▶ Supplied records:

*** Block opens ***

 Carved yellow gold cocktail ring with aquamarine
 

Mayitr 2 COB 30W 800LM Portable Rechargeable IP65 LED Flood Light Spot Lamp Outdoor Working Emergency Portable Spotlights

*** Block closes ***
*** Block opens ***

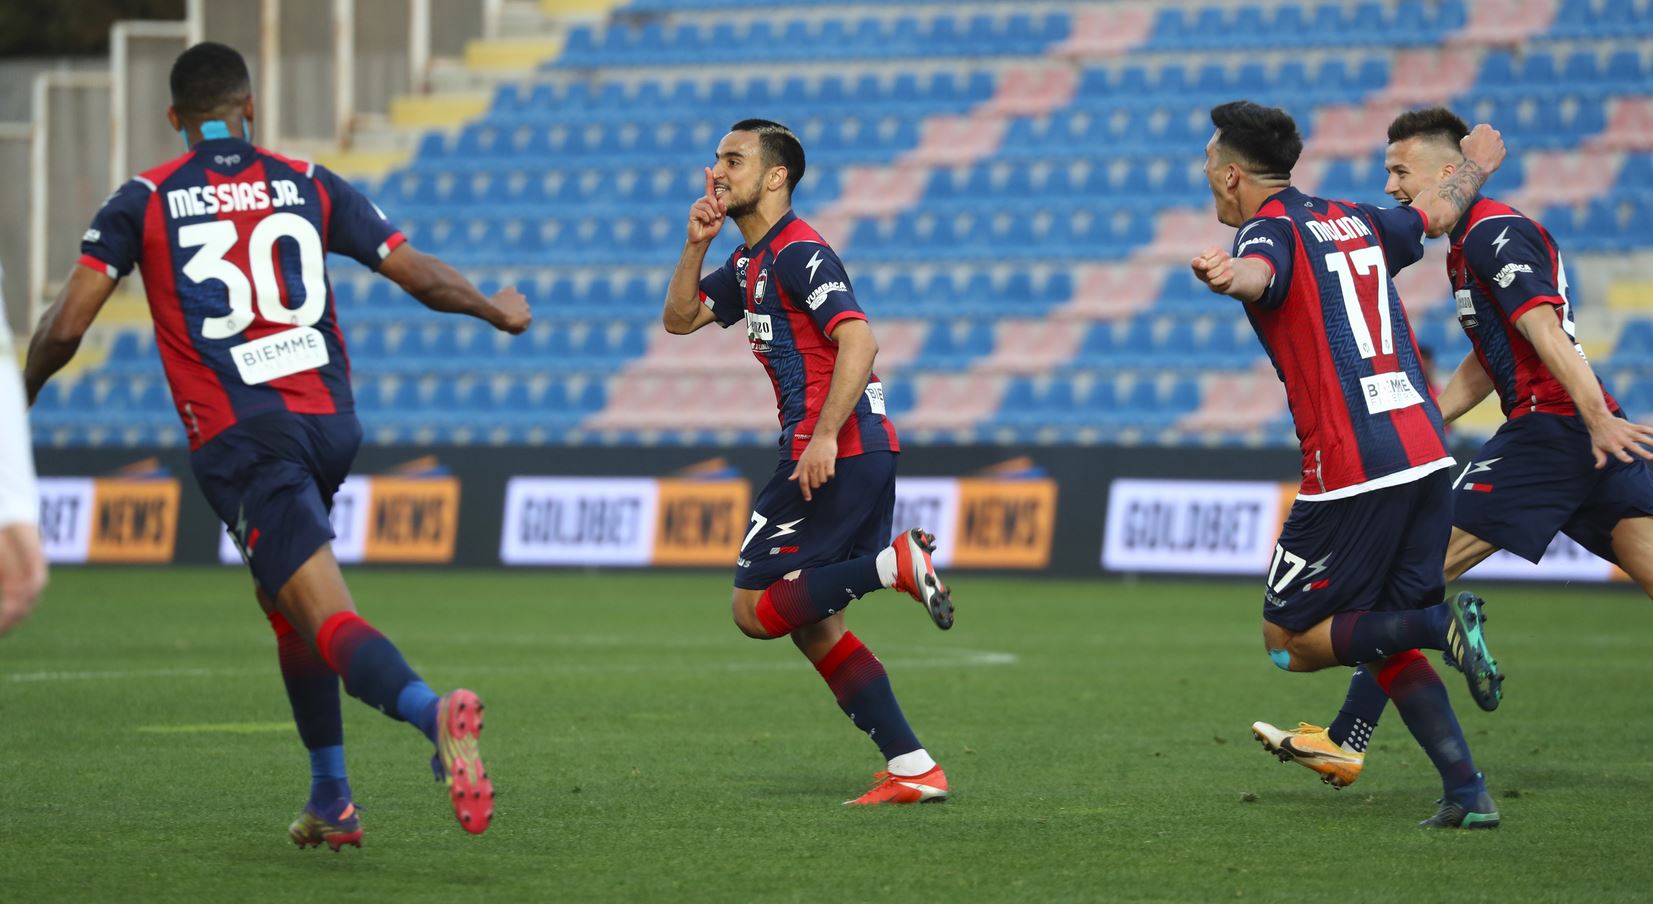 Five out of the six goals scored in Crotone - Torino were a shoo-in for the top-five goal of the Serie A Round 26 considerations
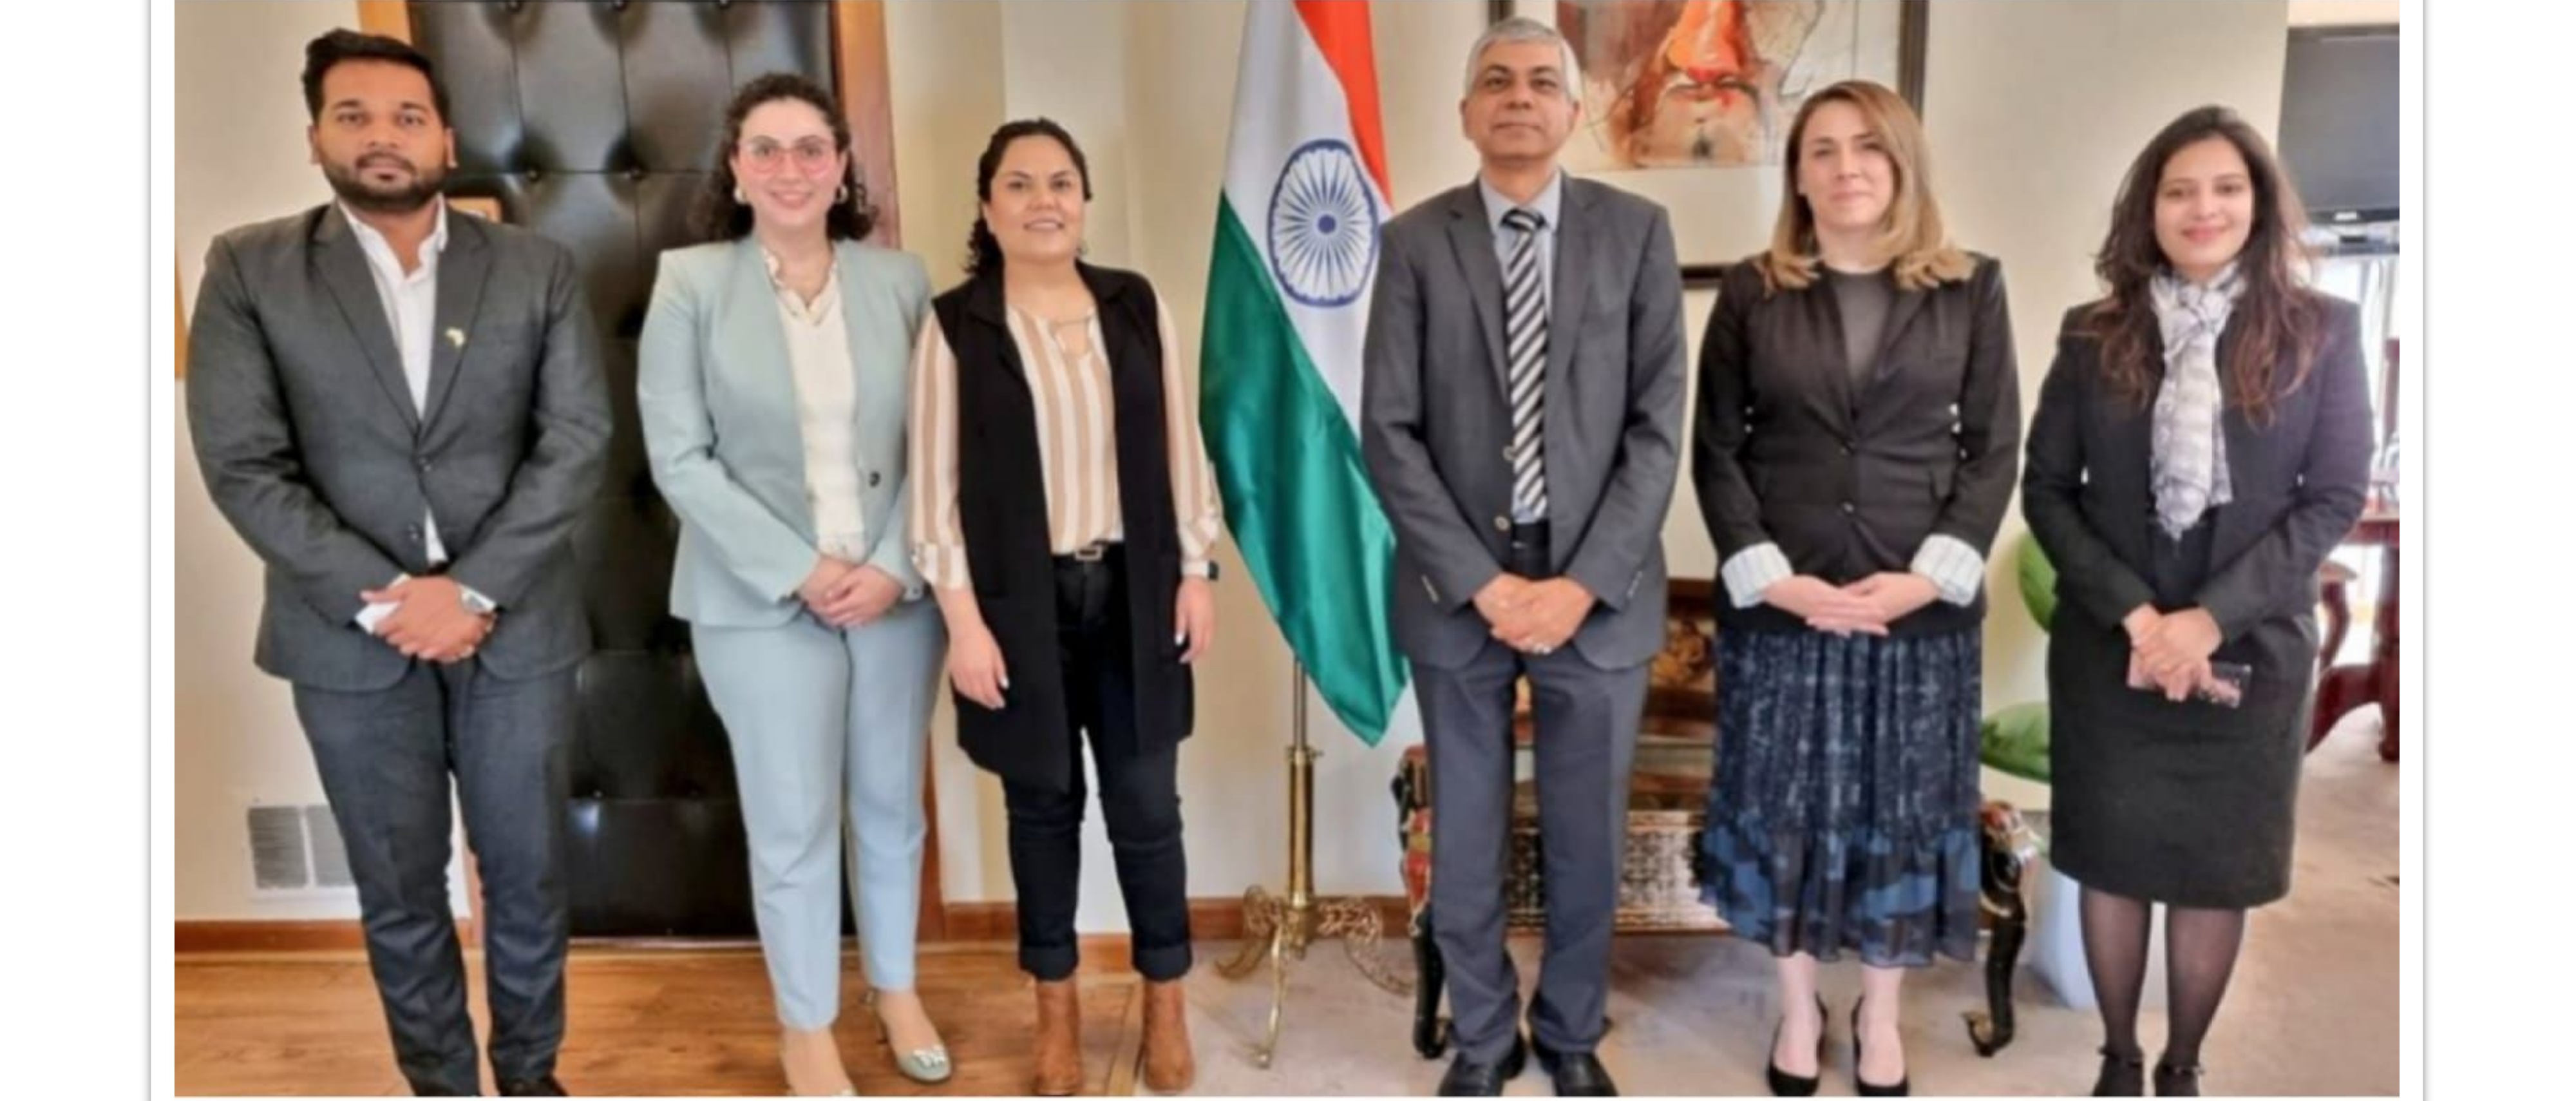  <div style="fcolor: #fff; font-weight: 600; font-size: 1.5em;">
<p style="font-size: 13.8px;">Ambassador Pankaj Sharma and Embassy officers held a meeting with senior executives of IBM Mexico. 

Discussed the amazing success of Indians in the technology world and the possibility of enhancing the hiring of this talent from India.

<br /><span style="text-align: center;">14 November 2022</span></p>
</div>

*** Block closes ***

▶ Problem statement: Copy exactly the stretch of data above from the line with "Carved yellow gold" through the line with "Mayitr 2 COB", and omit all other lines.

▶ Result:
 Carved yellow gold cocktail ring with aquamarine
 

Mayitr 2 COB 30W 800LM Portable Rechargeable IP65 LED Flood Light Spot Lamp Outdoor Working Emergency Portable Spotlights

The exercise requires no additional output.